→ **Action item**
From the data that follows, set down exactly the lines from the one with "[Standard] Studio sofa bed & bunk beds" through the one with "Забавная раскраска для", counting both. Pictures stay out.

== Data for analysis ==

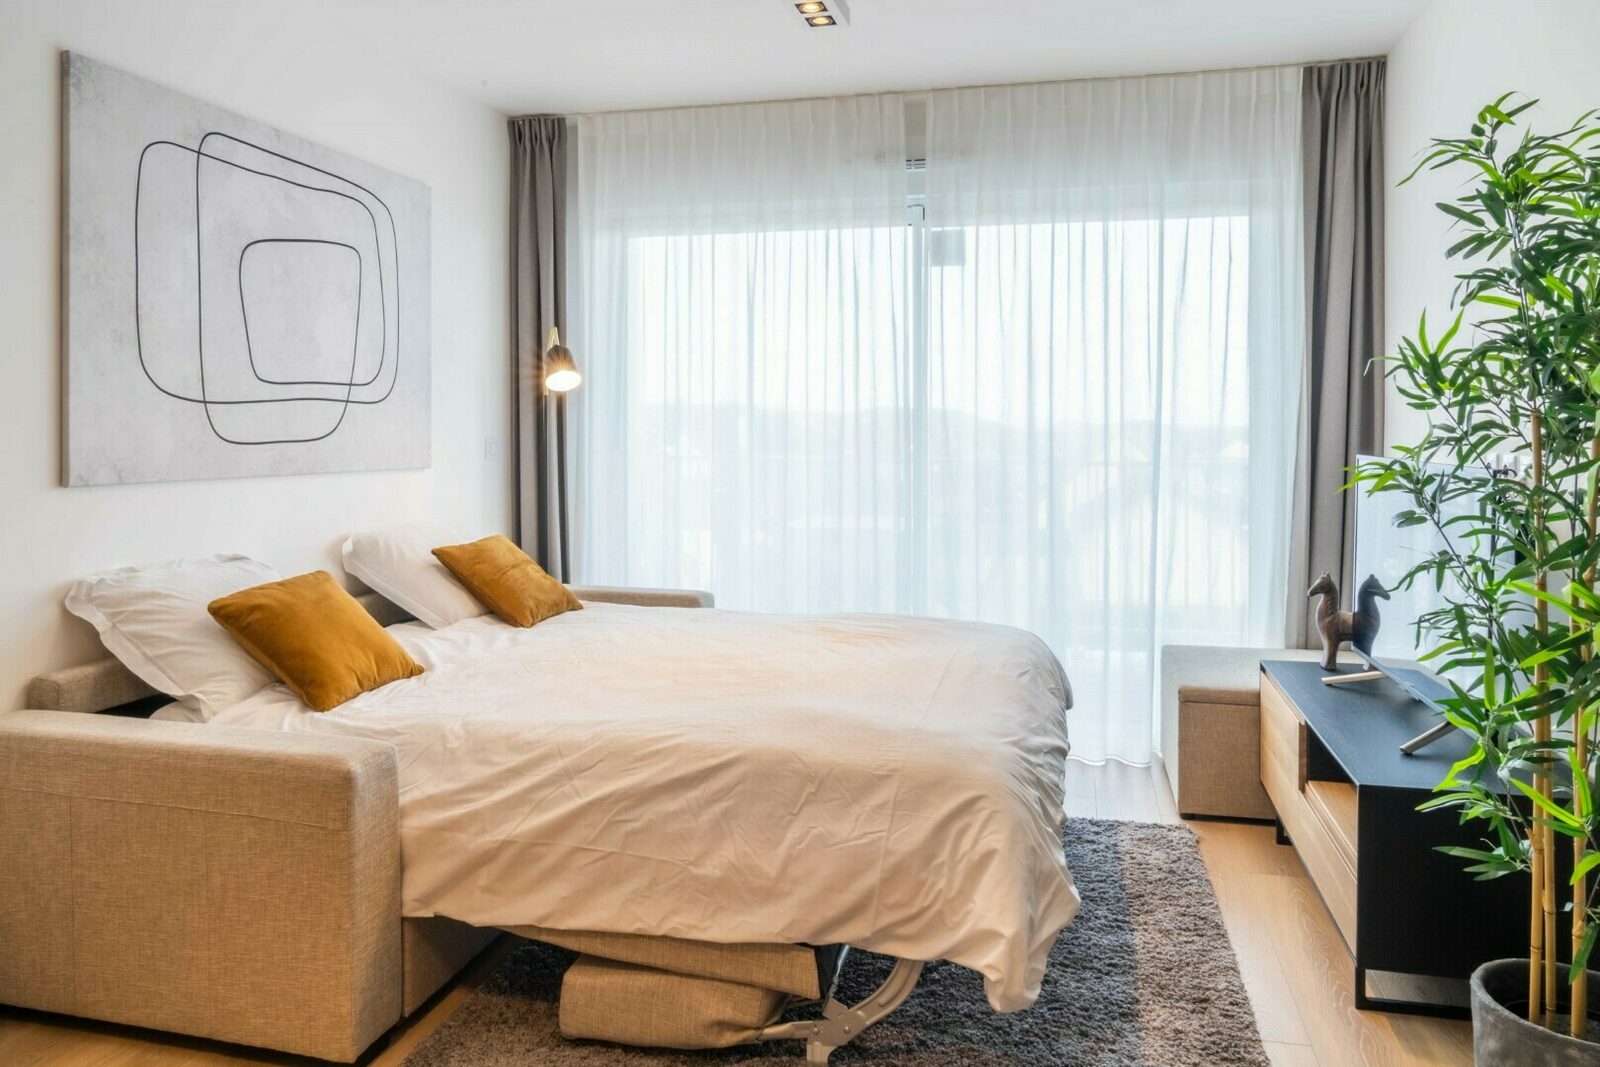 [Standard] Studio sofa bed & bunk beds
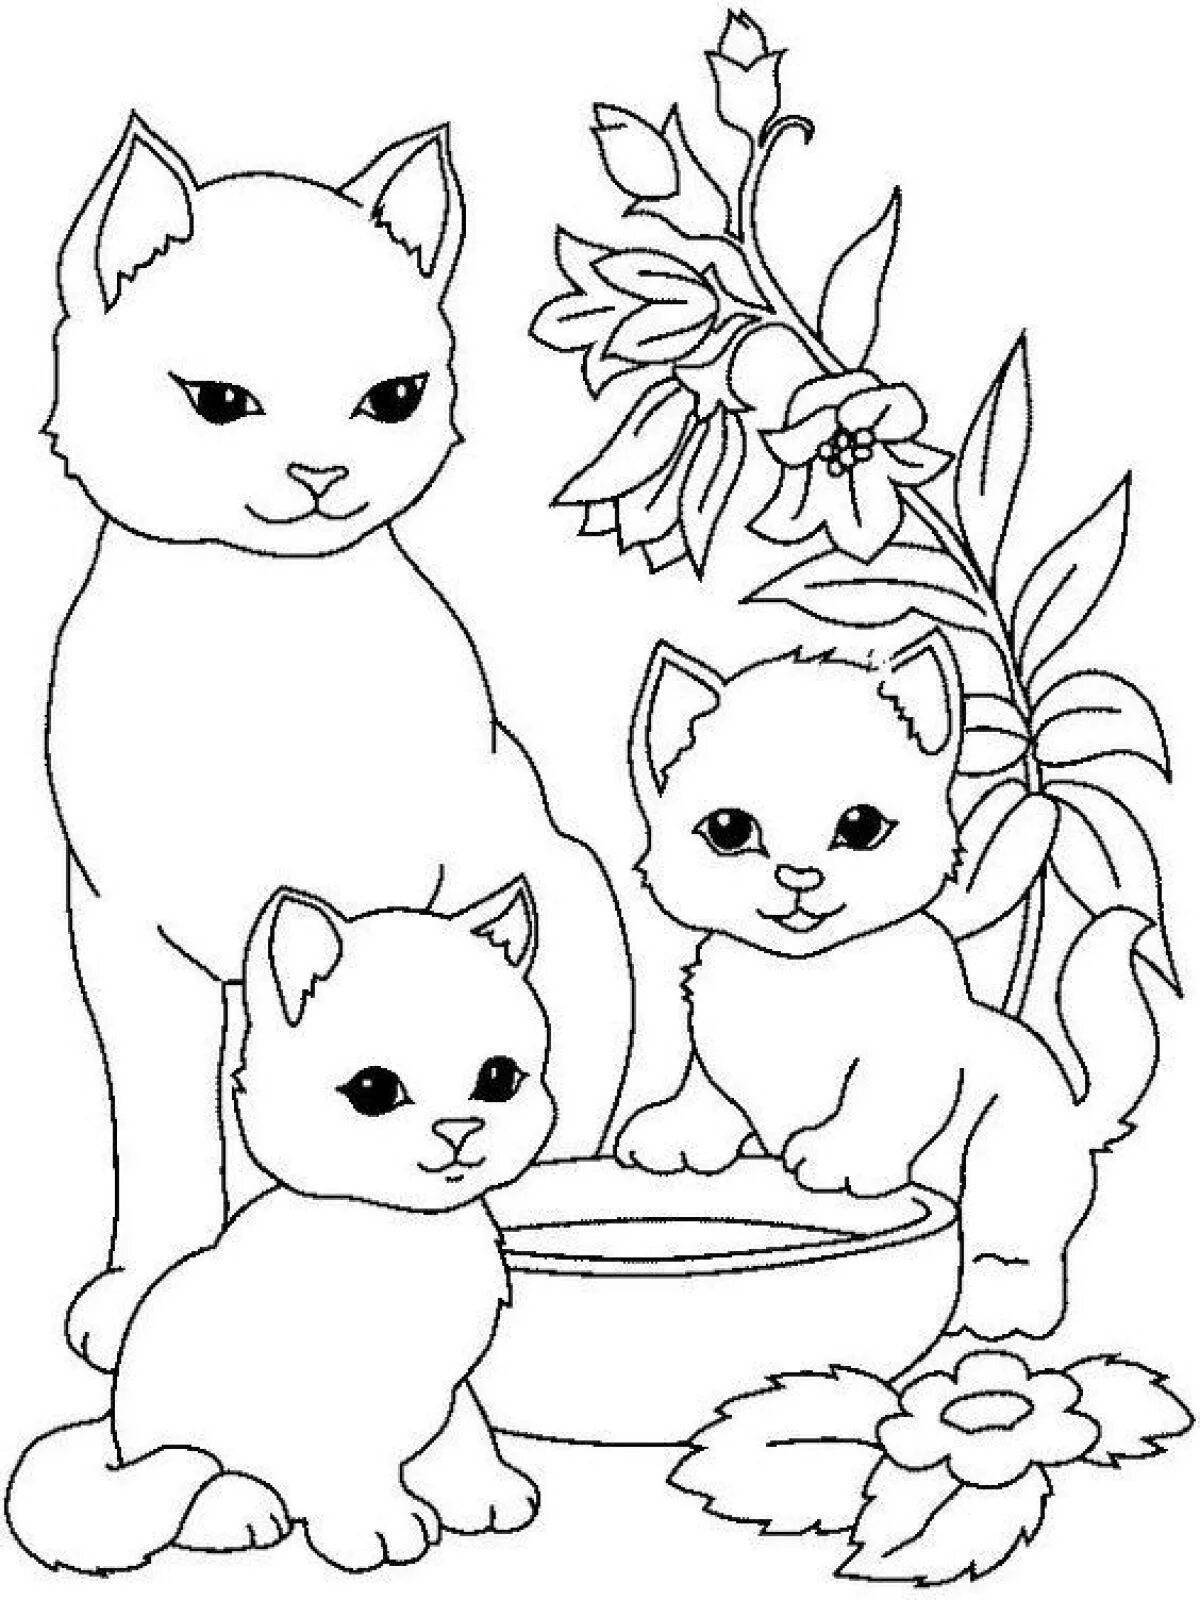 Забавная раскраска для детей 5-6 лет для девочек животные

===
== Data for analysis ==

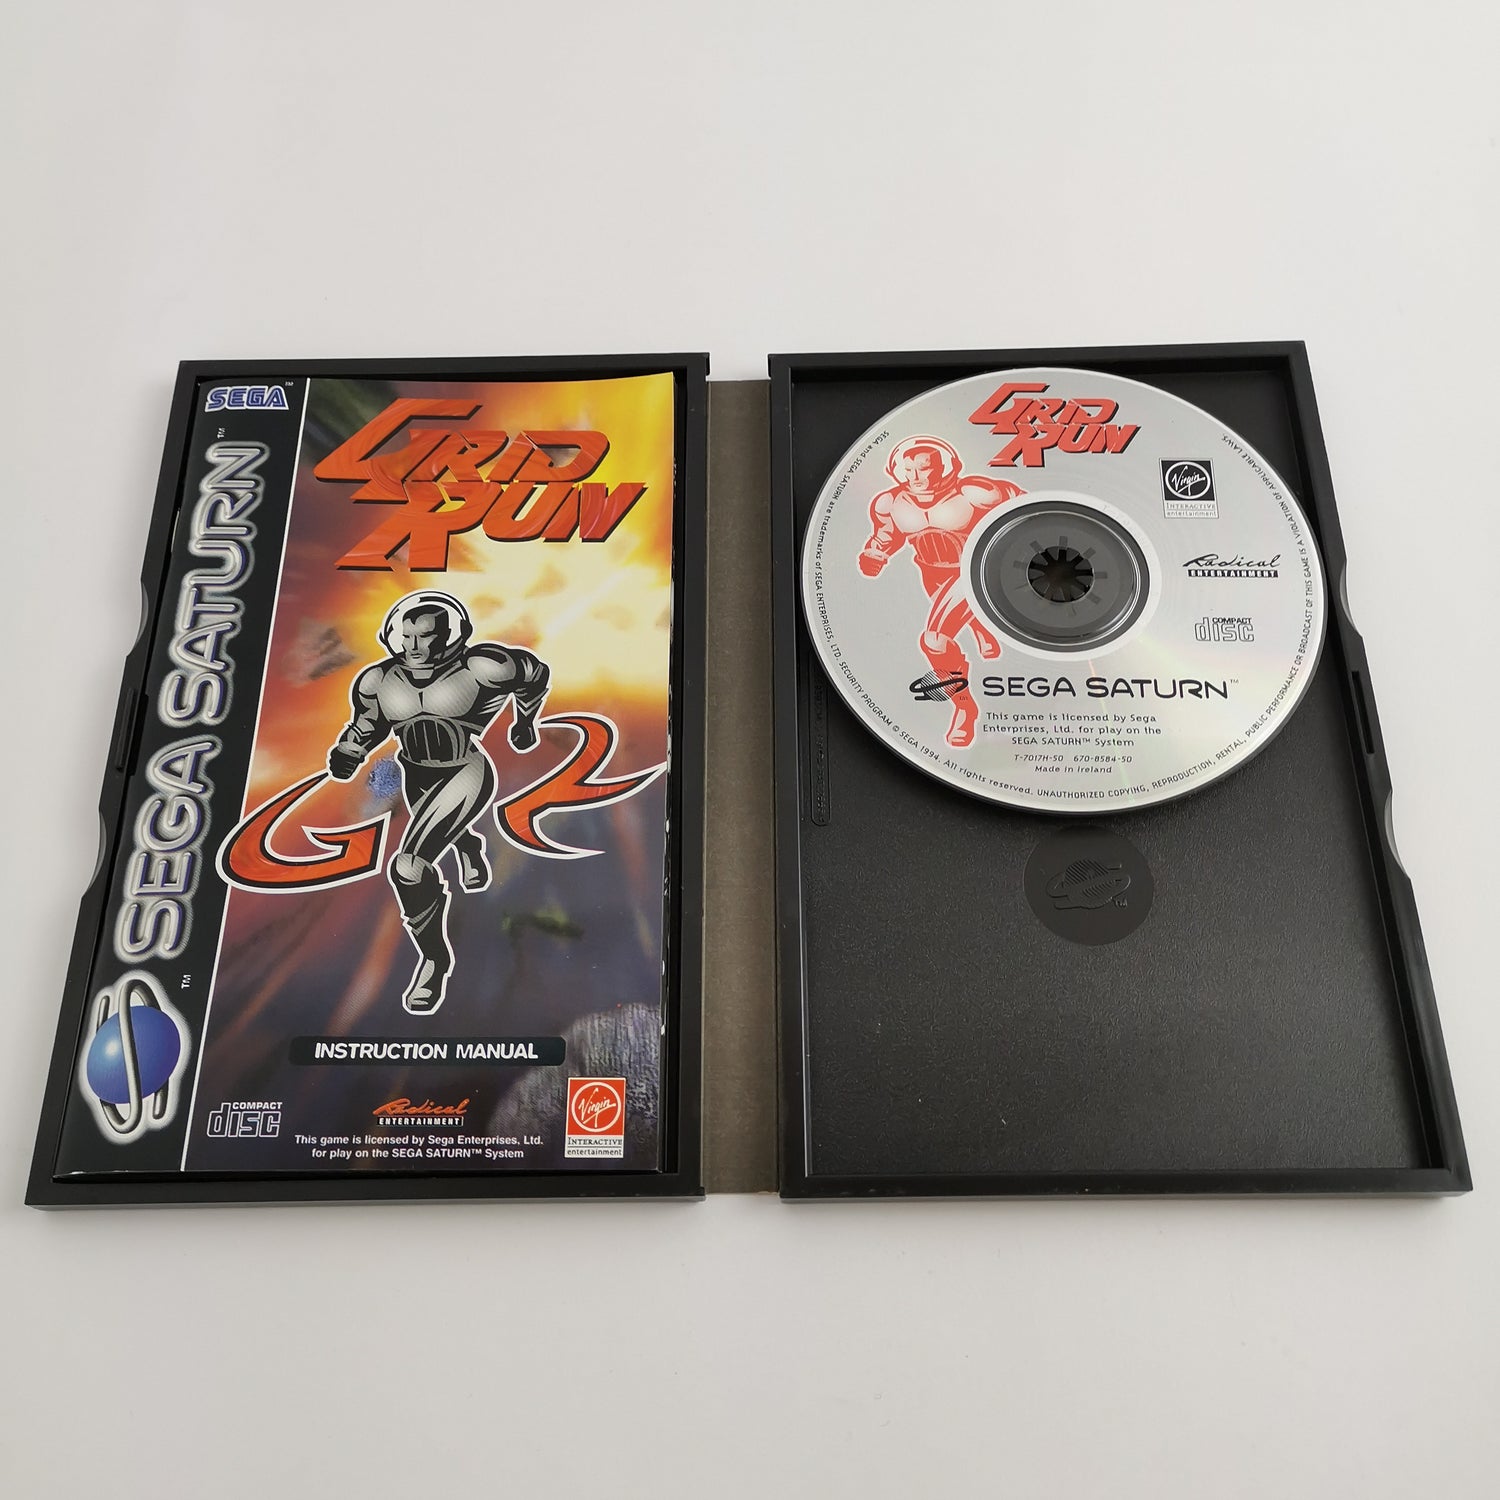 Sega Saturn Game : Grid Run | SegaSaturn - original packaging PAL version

===

→ **Expected answer**
 [Standard] Studio sofa bed & bunk beds
 Забавная раскраска для детей 5-6 лет для девочек животные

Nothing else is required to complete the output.